Retrospective and prospective case series.
Academic medical center.
Patients who were clinically suspected of having NSTIs from January 1, 2003, through April 30, 2009, and who underwent imaging with a 16- or 64-section helical CT scanner were studied. The CT result was considered positive if inflamed and necrotic tissue with or without gas or fluid collections across tissue planes was found. The disease (NSTI) was considered present if surgical exploration revealed elements of infection and necrosis of the soft tissues and pathological analysis confirmed the findings. The disease was considered absent if surgical exploration and pathological analysis failed to identify any of these findings or the patient was successfully treated without surgical exploration.
Main Outcome Measures
Sensitivity and specificity of CT for diagnosing NSTI.
Of 67 patients with study inclusion criteria, 58 underwent surgical exploration, and NSTI was confirmed in 25 (43%). The remaining 42 patients had either nonnecrotizing infections during surgical exploration (n = 33) or were treated nonoperatively with successful resolution of the symptoms (n = 9). The sensitivity of CT to identify NSTI was 100%, specificity was 81%, positive predictive value was 76%, and negative predictive value was 100%. No differences were found in demographics, white blood cell count on admission, symptoms, or site of infection between those with a false- or true-positive CT result.
A negative CT result reliably excludes the diagnosis of NSTI. A positive CT result correctly identifies the disease with a high likelihood.
Patients with necrotizing soft tissue infections (NSTIs) have mortality rates that range from 25% to 75%; therefore, this disease remains a therapeutic challenge.1-7 Treatment delays are frequent and in part owing to inadequate diagnostic tests. Computed tomography (CT) scanning has been considered inaccurate for the diagnosis of NSTI based on studies with small sample sizes and old CT technology.2,7,8 Magnetic resonance imaging (MRI) has a higher sensitivity but still low specificity and is not always available around the clock.9-12 Liberal surgical exploration has been recommended to prevent treatment delays but results in unnecessary interventions, pain, inconvenience, and expenses. The evolution of CT technology has allowed better definition of tissues and interpretation of images. Our hypothesis is that the new 16- and 64-section CT scanners can accurately diagnose NSTI and identify patients who require surgical intervention. The objective of this study is to calculate the sensitivity and specificity of 16- and 64-section CT for diagnosing NSTI.

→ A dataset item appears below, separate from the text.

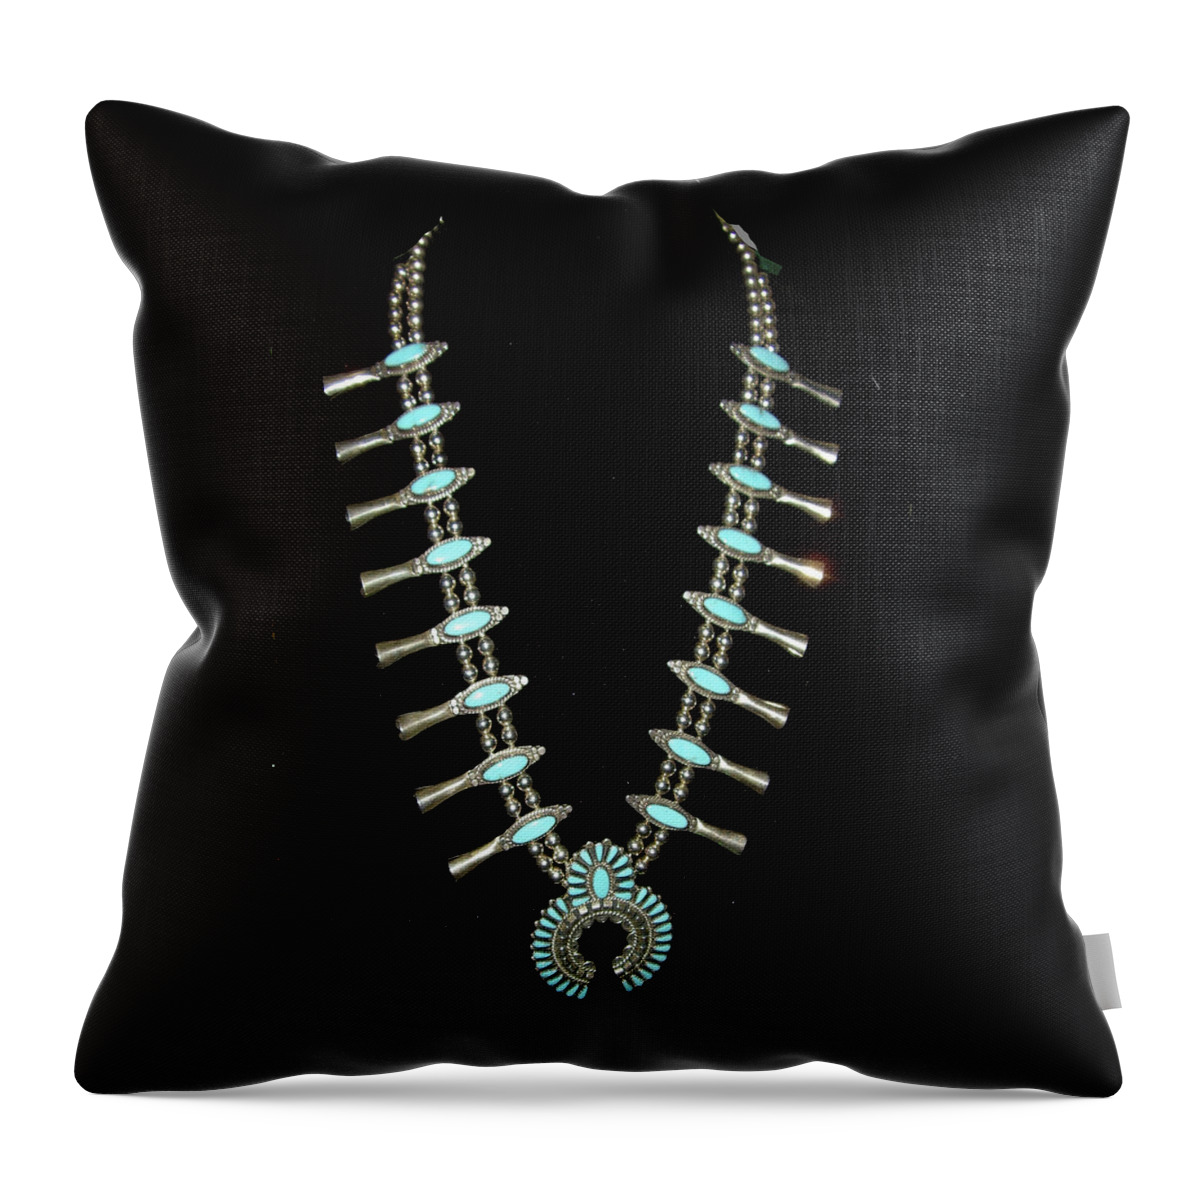 Necklace Throw Pillow featuring the photograph Squash Blossom Necklace by Nancy Ayanna Wyatt

Patients who were admitted to the Massachusetts General Hospital from January 1, 2003, through April 30, 2009, with a diagnosis of soft tissue infection and who underwent CT scanning because of clinical suspicion for NSTI were included in the study. Patients who had obvious NSTI on presentation and were directly taken to the operating room without first undergoing CT were excluded. Similarly, patients with unclear symptoms who were taken to the operating room without undergoing CT and who had undergone surgical exploration that revealed no NSTI were excluded. The following data were collected retrospectively for January 1, 2003, through July 30, 2008, and prospectively for August 1, 2008, through April 30, 2009: demographics; site of infection; systolic blood pressure, temperature, and white blood cell count on admission; time from beginning of symptoms to admission and time from admission to CT; CT findings; treatment, including surgical explorations; operative and pathological analysis findings; mortality; and length of hospital stay.

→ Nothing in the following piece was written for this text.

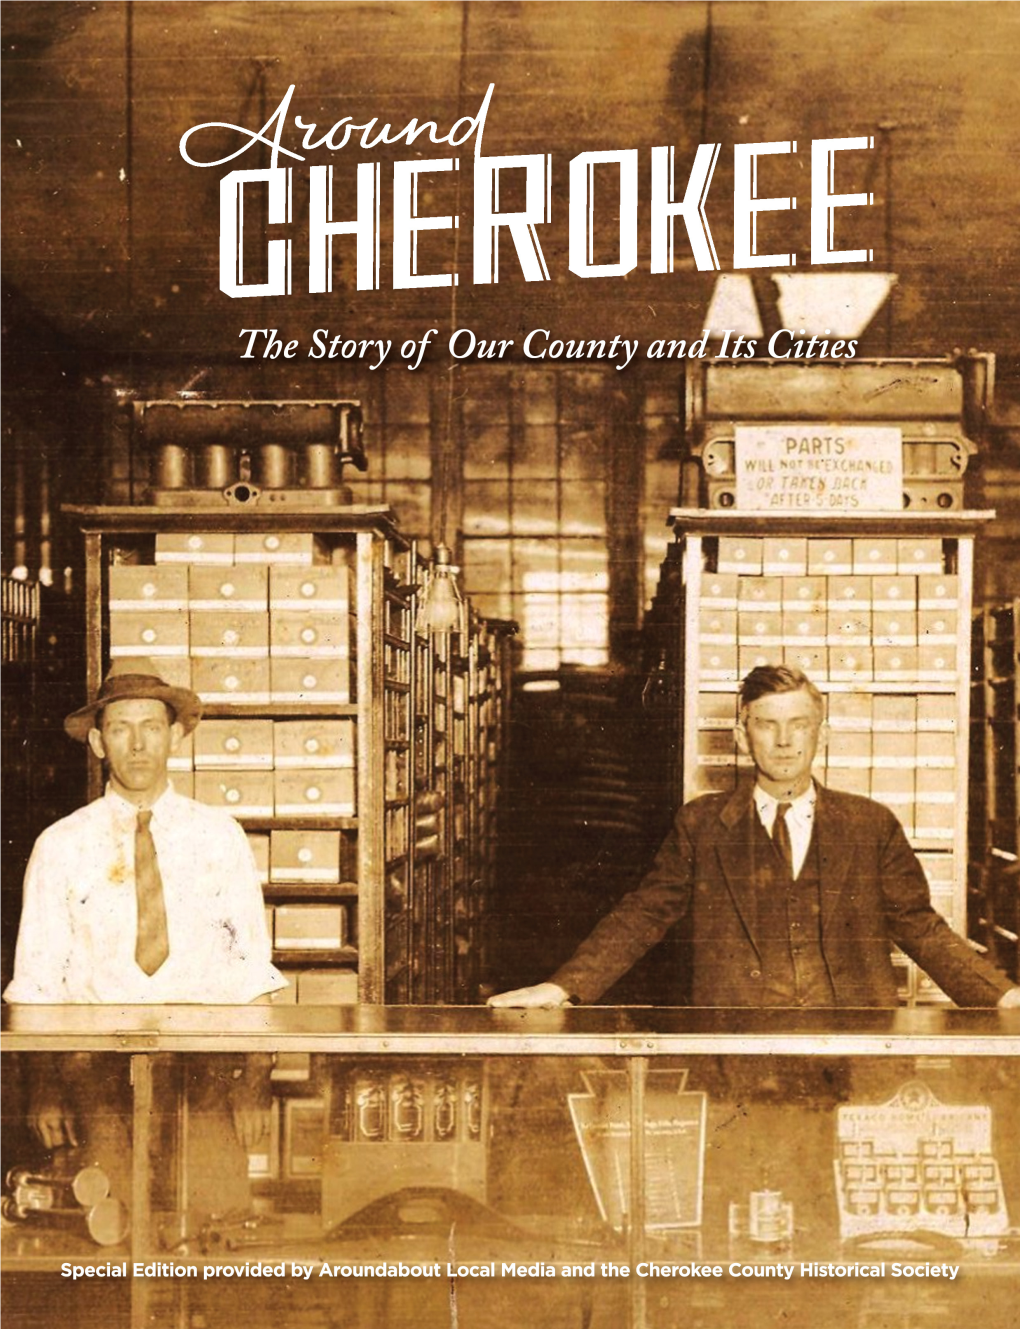 Around Cherokee -The Story of Our County and Its

The CT scan was performed with a 16-section scanner (GE Lightspeed 16; GE Healthcare, Buckinghamshire, England) throughout the study period or a 64-section scanner (GE Lightspeed VCT 64; GE Healthcare) after November 2005, using intravenous contrast material (75-125 mL of a 370-mg concentration intravenous contrast at 3.0 mL/s). Scanning was performed following thin-section protocols (0.625 mm for the 64-section scanner and 1.25 mm for the 16-section scanner). Axial images were reviewed on 2.5-mm sections. Routine coronal and sagittal reformations were obtained. Soft tissue and bone window images were reviewed and interpreted on picture archiving and communications systems (PACS) workstations. Four elements consistent with NSTI were sought in particular: (1) asymmetrical and diffuse areas of soft tissue inflammation and ischemia, (2) muscle necrosis, (3) gas across tissue planes, and (4) fluid collections.
Primary outcomes were the sensitivity, specificity, positive predictive value (PPV), and negative predictive value (NPV) of CT for the diagnosis of NSTI. The disease (NSTI) was considered present if surgical exploration revealed elements of infection and necrosis of the subcutaneous tissue, fascia, and/or muscle with confirmation by pathological analysis. It was considered absent if surgical exploration and pathological analysis failed to identify any of these findings or the patient was successfully treated without surgical exploration. The test (CT) result was considered positive for NSTI if it identified inflamed and ischemic or necrotic soft tissues with or without gas and fluid collections. It was considered negative if no such findings were reported. A false-positive test result was defined as a CT scan with findings of NSTI that were not confirmed by surgical exploration and pathological analysis or that resolved successfully without surgical exploration. A false-negative test result was defined as a CT scan with no findings of NSTI that was followed by surgical exploration and pathological analysis diagnostic of NSTI.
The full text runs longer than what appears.